_INFORMATION PROVIDED:_
- Opening Delimiter -
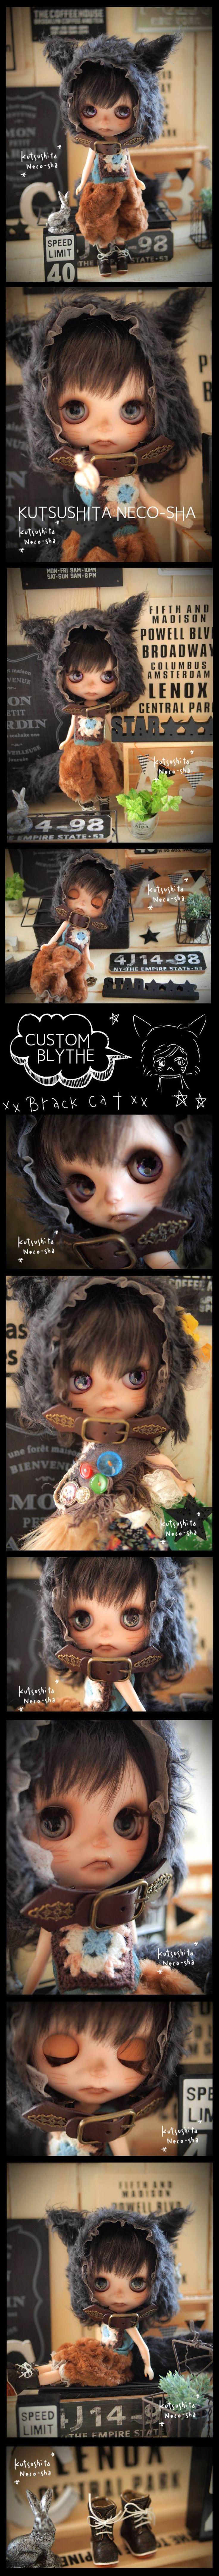 ネコシャ★ +黒猫&モノトーンインテリア + Custom Blythe - ヤフオク!
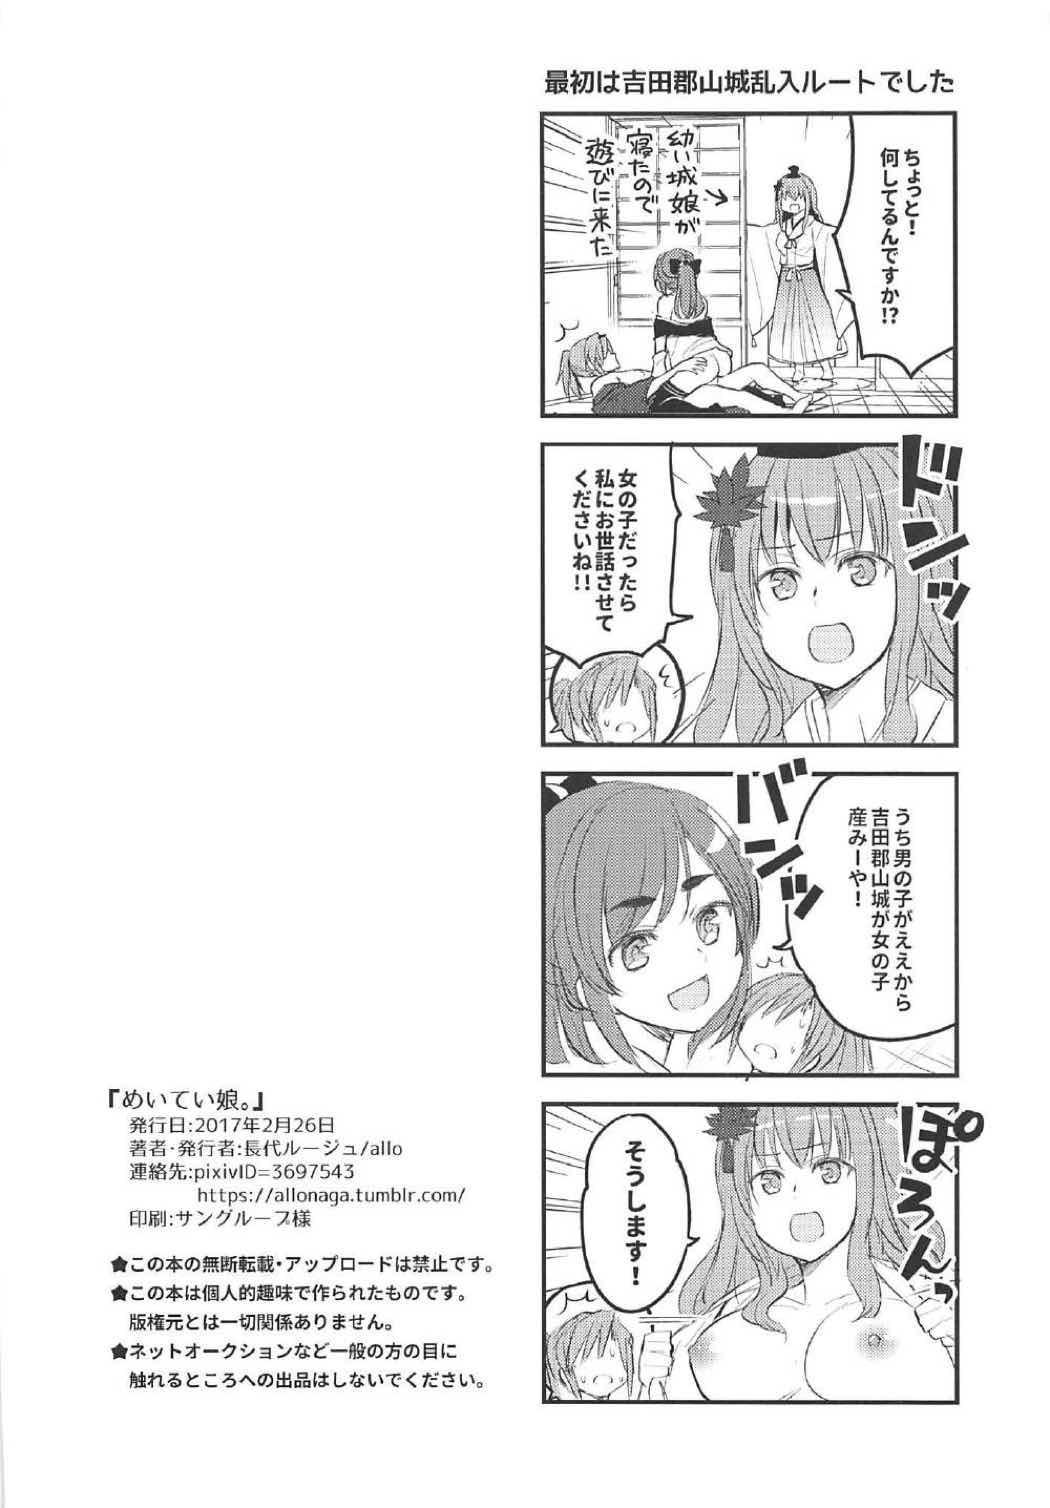 Meitei Musume. 16
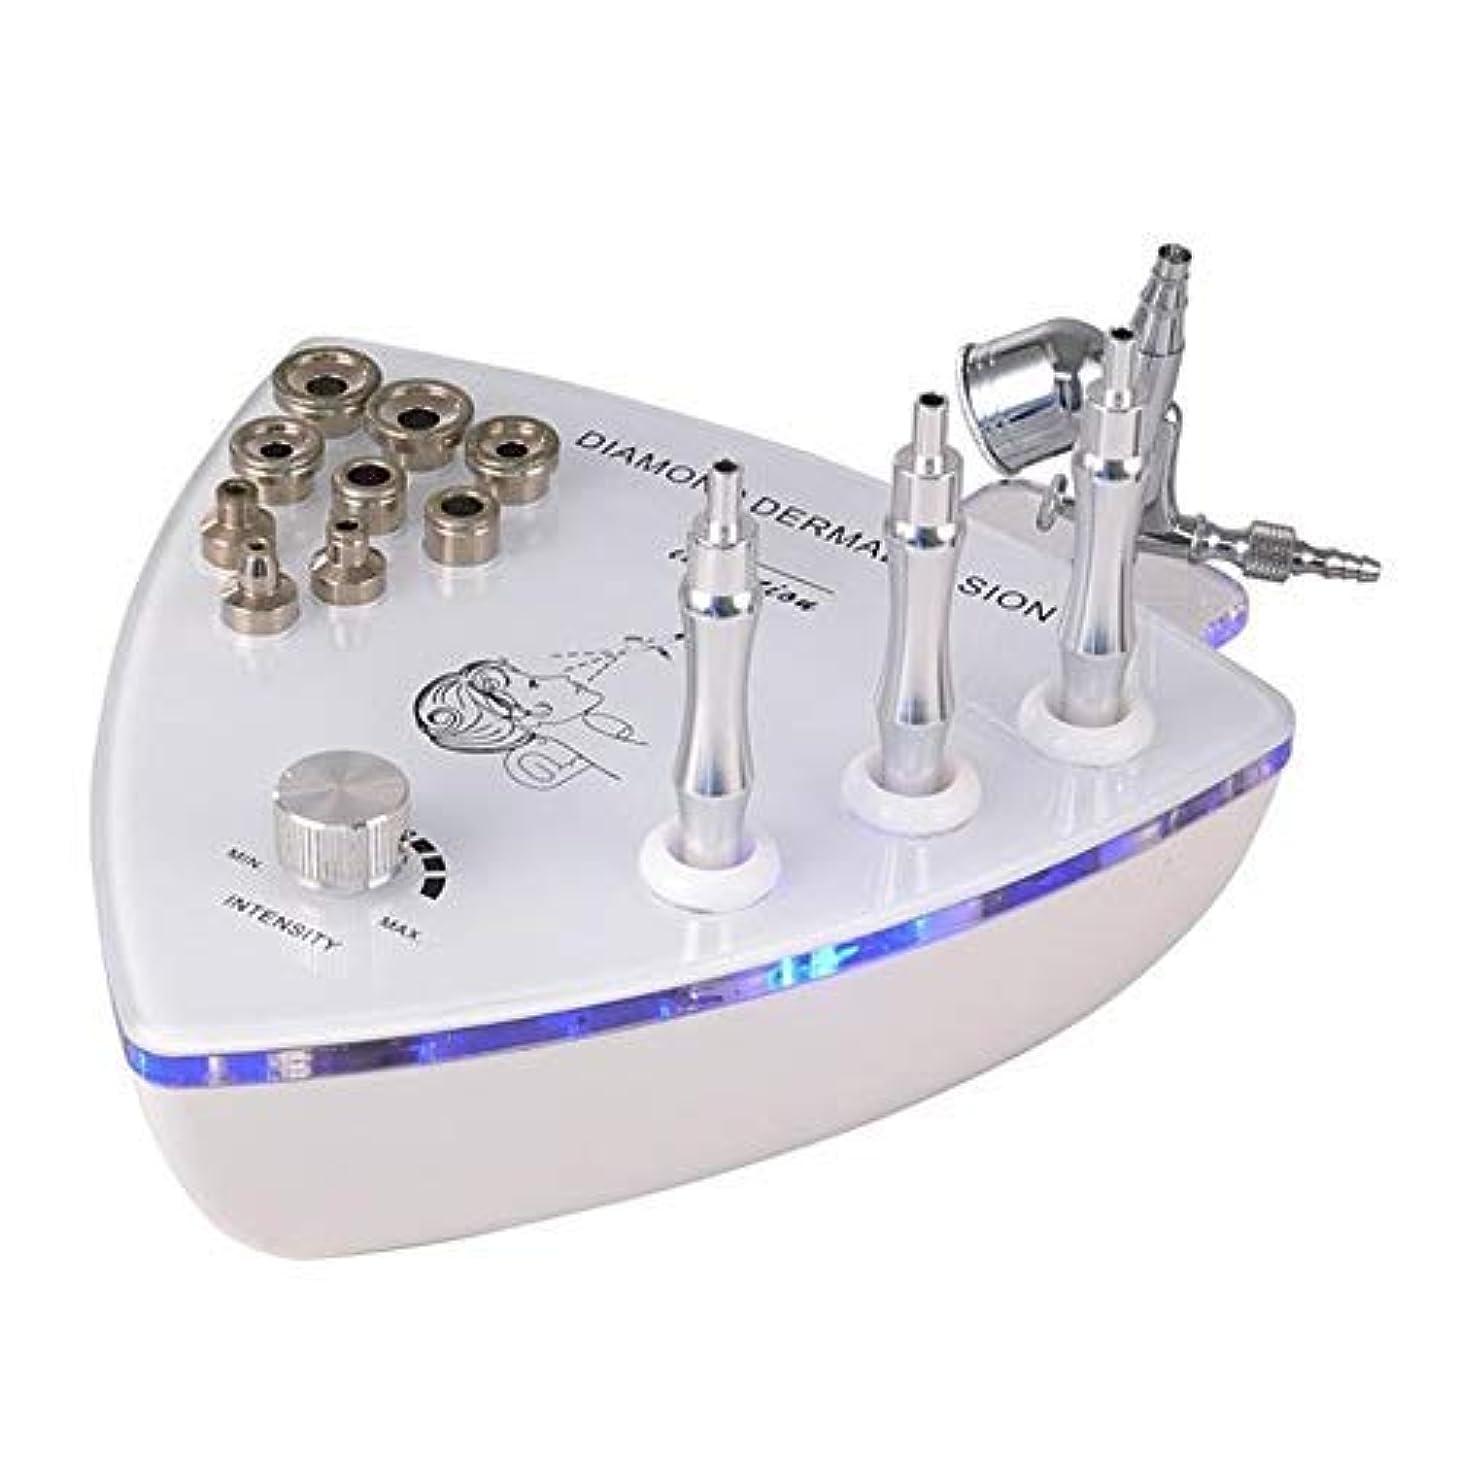 創造懺悔最大の美容機器、フェイシャルスキンケア機器、マイクロダーマブレーションマシン、マイクロダーマブレーションおむつダイヤモンドマイクロ彫刻美容機器、角質除去、角質除去、肌の若返り
- Closing Delimiter -
_ASSIGNED TASK:_ Output the data above in full and exactly, with every image left out.

_ANSWER BOX:_
 ネコシャ★ +黒猫&モノトーンインテリア + Custom Blythe - ヤフオク!
 Meitei Musume. 16
 創造懺悔最大の美容機器、フェイシャルスキンケア機器、マイクロダーマブレーションマシン、マイクロダーマブレーションおむつダイヤモンドマイクロ彫刻美容機器、角質除去、角質除去、肌の若返り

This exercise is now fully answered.